We’ll break down how much energy that actually is:

  1. one killowat hour multiplies out to an energy value of 860421 calories
  2. according to the Energy Information administration, an average household consumes 899 kwH per month (Frequently Asked Questions (FAQs) - U.S. Energy Information Administration (EIA) — Eia.gov”)
  3. an average female should eat about 1600 to 2000 calories, whereas an average male should consume 2000 to 2500 calories
  4. an average american household has 3.13 members (Average Family Size in the U.S. 1960-2022 | Statista — Statista.com”)

From this we can work out the math:

Per citizen, we need 287 kilowatt hours per month, and an additional 0.08 kwH for food (75000 calories), which is 3445.2 kWh per year.

When training mixed LLama we consumed the energy budget of 765 citizens for an entire year.

Equivalently, we could nourish 25 doctorate students, until they are 30 years old, which is the average age for a doctorate (Age Distribution of Doctorate Recipients U.S. 2021 | Statista — Statista.com”).

Great, armed with the knowledge of 25 doctorate students, we go to work!

The energy consumption of inference

The true energy consumption of inference isn’t exactly known, but the best guestimates provide a number of 0.0005 kWh per request.

This is ~430 calories, roughly one plate of prawn spaghetti (if one can believe the BBC).

Using one of our 25 doctorate students, we could work out how much time they would have to answer the same request. We would assume they have access to a library (no digital devices), and are told the question verbatim.
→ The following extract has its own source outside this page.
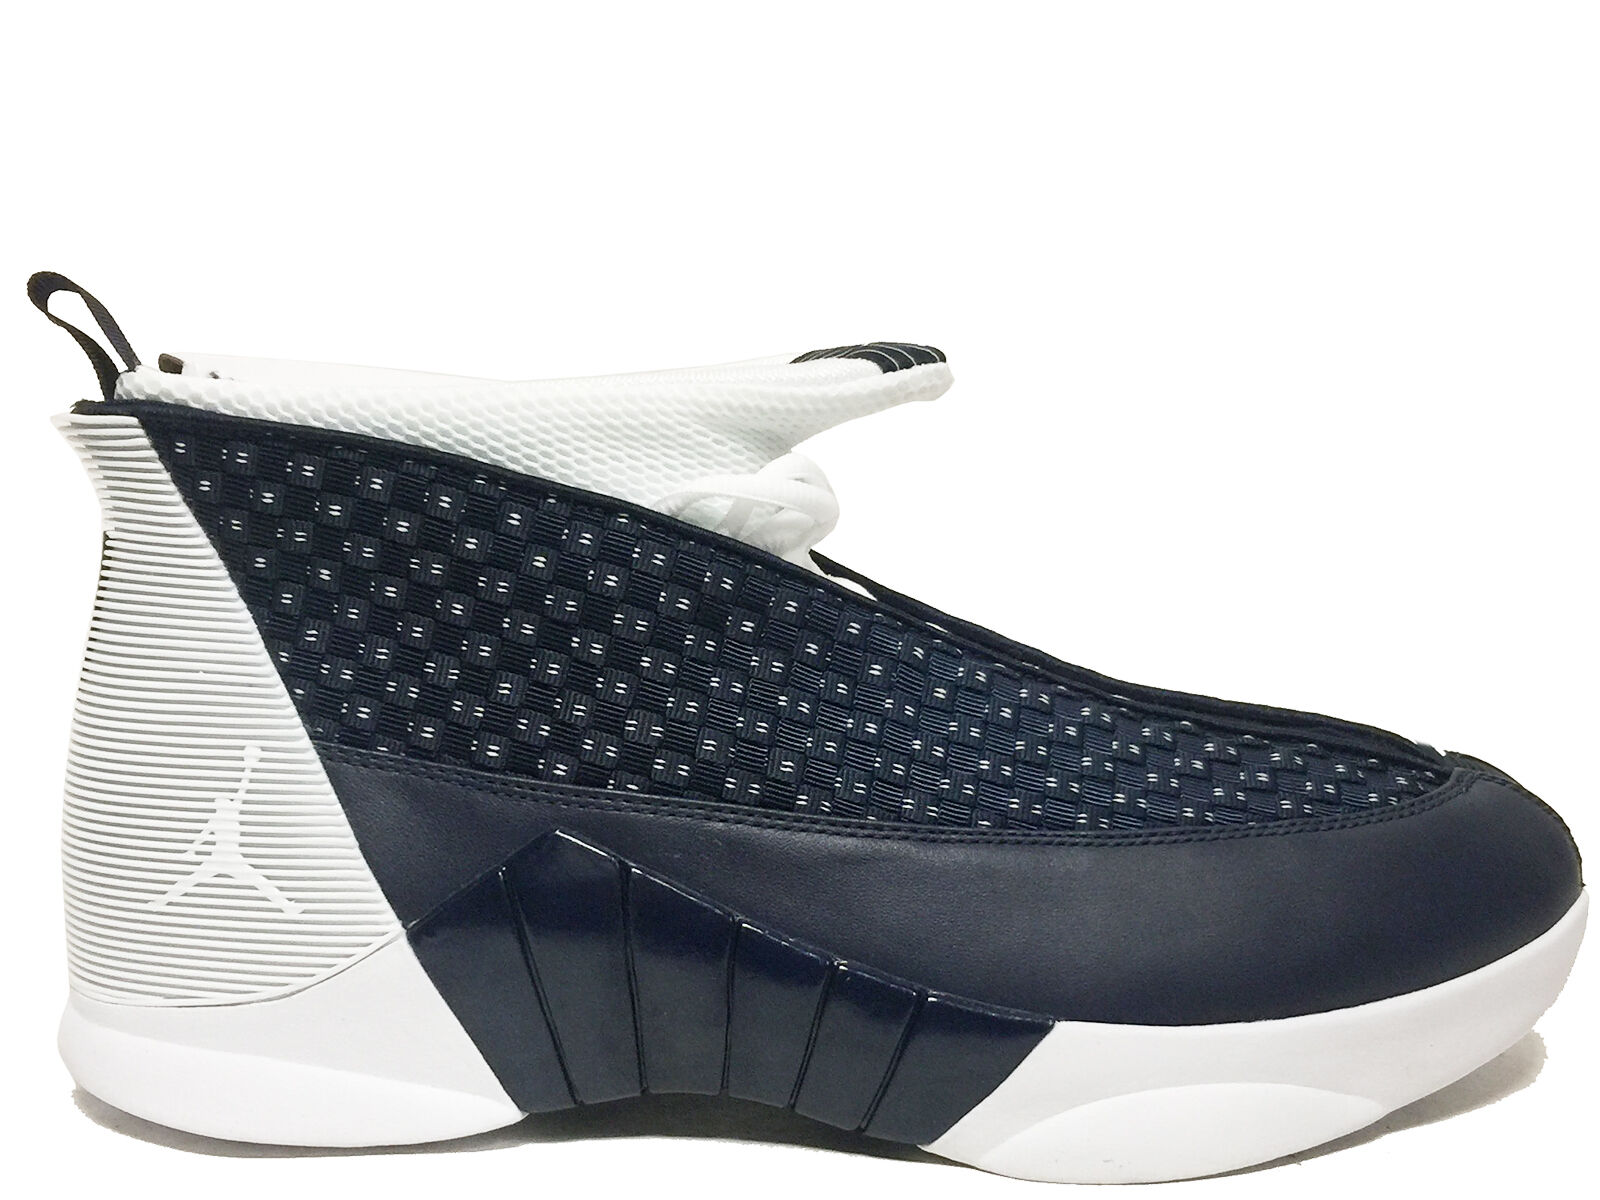 Brand New Air Jordan 15 Retro Men's Athletic Fashion Sneakers [881429 400]

Energy consumption throughout the day is relatively uniform (except for sport), so 104 calories per hour.

The math works out to:

(((430 calories) / (104 calories / hour)) / 25 people) * 1/60 hour ~ 10 minutes / people

So for every request to GPT-4, we could put our 25 doctorate students to work for 10 minutes to devise an answer. Having 25 doctorate students agree on a response is unlikely, but the equation is pretty mind-boggling.

OpenAI has claimed GPT-5 will reach PhD-level intelligence. Thus, every request could be equated with 25 PhD students working 10 minutes for you. Now that is a number one can let sink in.

On a more serious note

The consumption presented here is a guestimate based on available data and comes backed in with two assumptions:

  1. our PhD students don’t travel etc - also, they’re American (other countries have much lower energy estimates)
  2. GPT-4 and GPT-5 will be more energy intensive (but with advances in chips they may not need to be)
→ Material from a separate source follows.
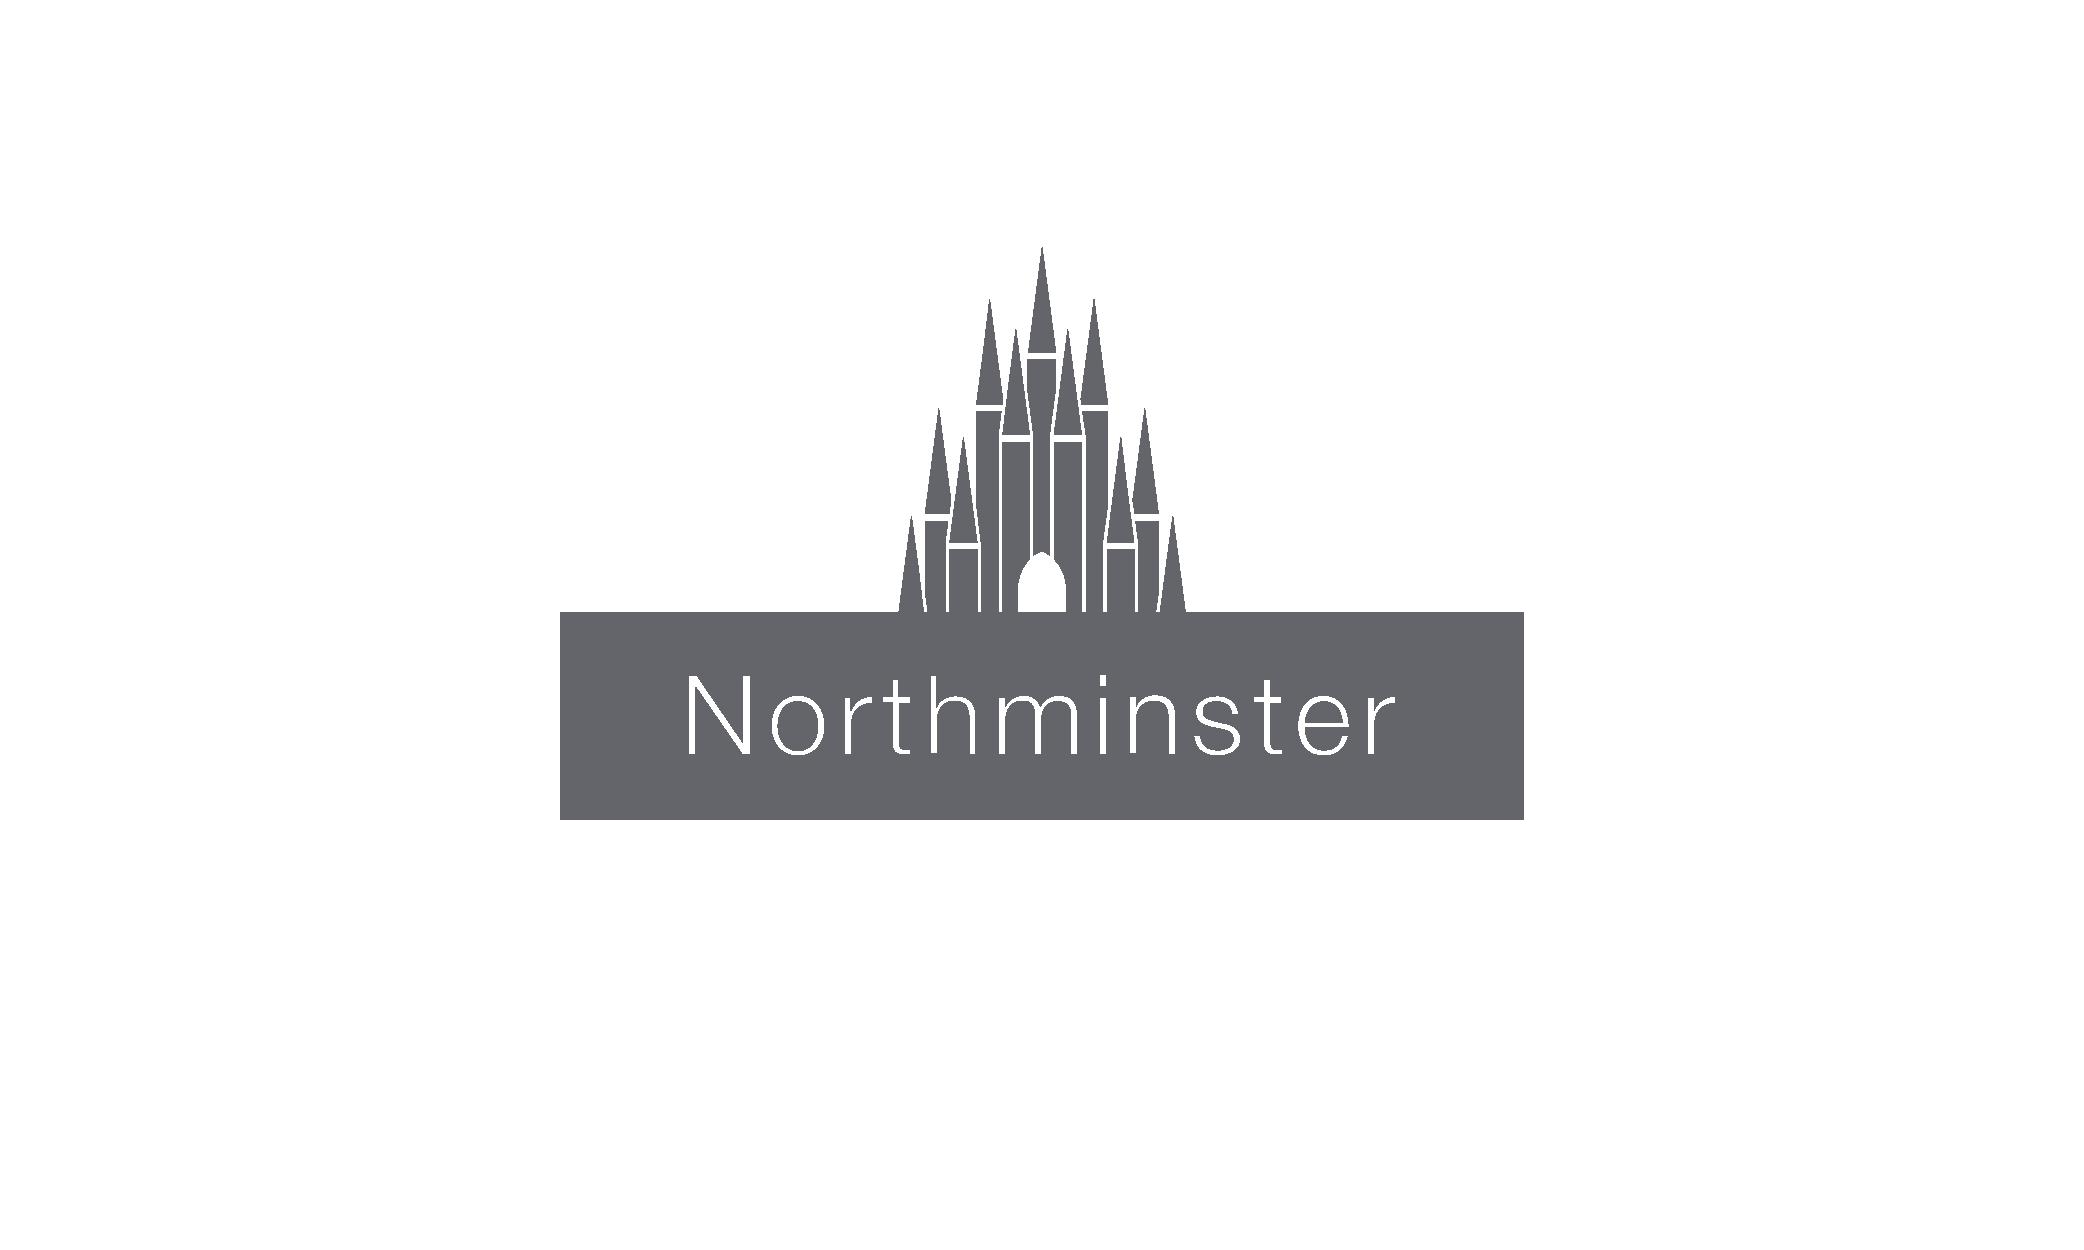 Kinetik_Client_Logos-05

However, I think it gives a much better feeling of what exactly is our quality standard for an LLM.

If I put 25 PhD students to work, I expect them not to hallucinate, simply. On the other hand, if we believe the marketing around LLM, if we put the same amount of energy into an LLM, its not as tragic.

That’s why it is important to spell out energy consumption in a currency we understood (such as human labour hours), rather than an abstract quantity (such as kWh).

References

Age Distribution of Doctorate Recipients U.S. 2021 | Statista — Statista.com.” https://www.statista.com/statistics/240152/age-distribution-of-us-doctorate-recipients/.
Average Family Size in the U.S. 1960-2022 | Statista — Statista.com.” https://www.statista.com/statistics/183657/average-size-of-a-family-in-the-us/#:~:text=As%20of%202021%2C%20the%20U.S.,18%20living%20in%20the%20household.
Frequently Asked Questions (FAQs) - U.S. Energy Information Administration (EIA) — Eia.gov.” https://www.eia.gov/tools/faqs/faq.php?id=97&t=3.
Khowaja, Sunder Ali, Parus Khuwaja, Kapal Dev, Weizheng Wang, and Lewis Nkenyereye. 2024. “Chatgpt Needs Spade (Sustainability, Privacy, Digital Divide, and Ethics) Evaluation: A Review.” Cognitive Computation, 1–23.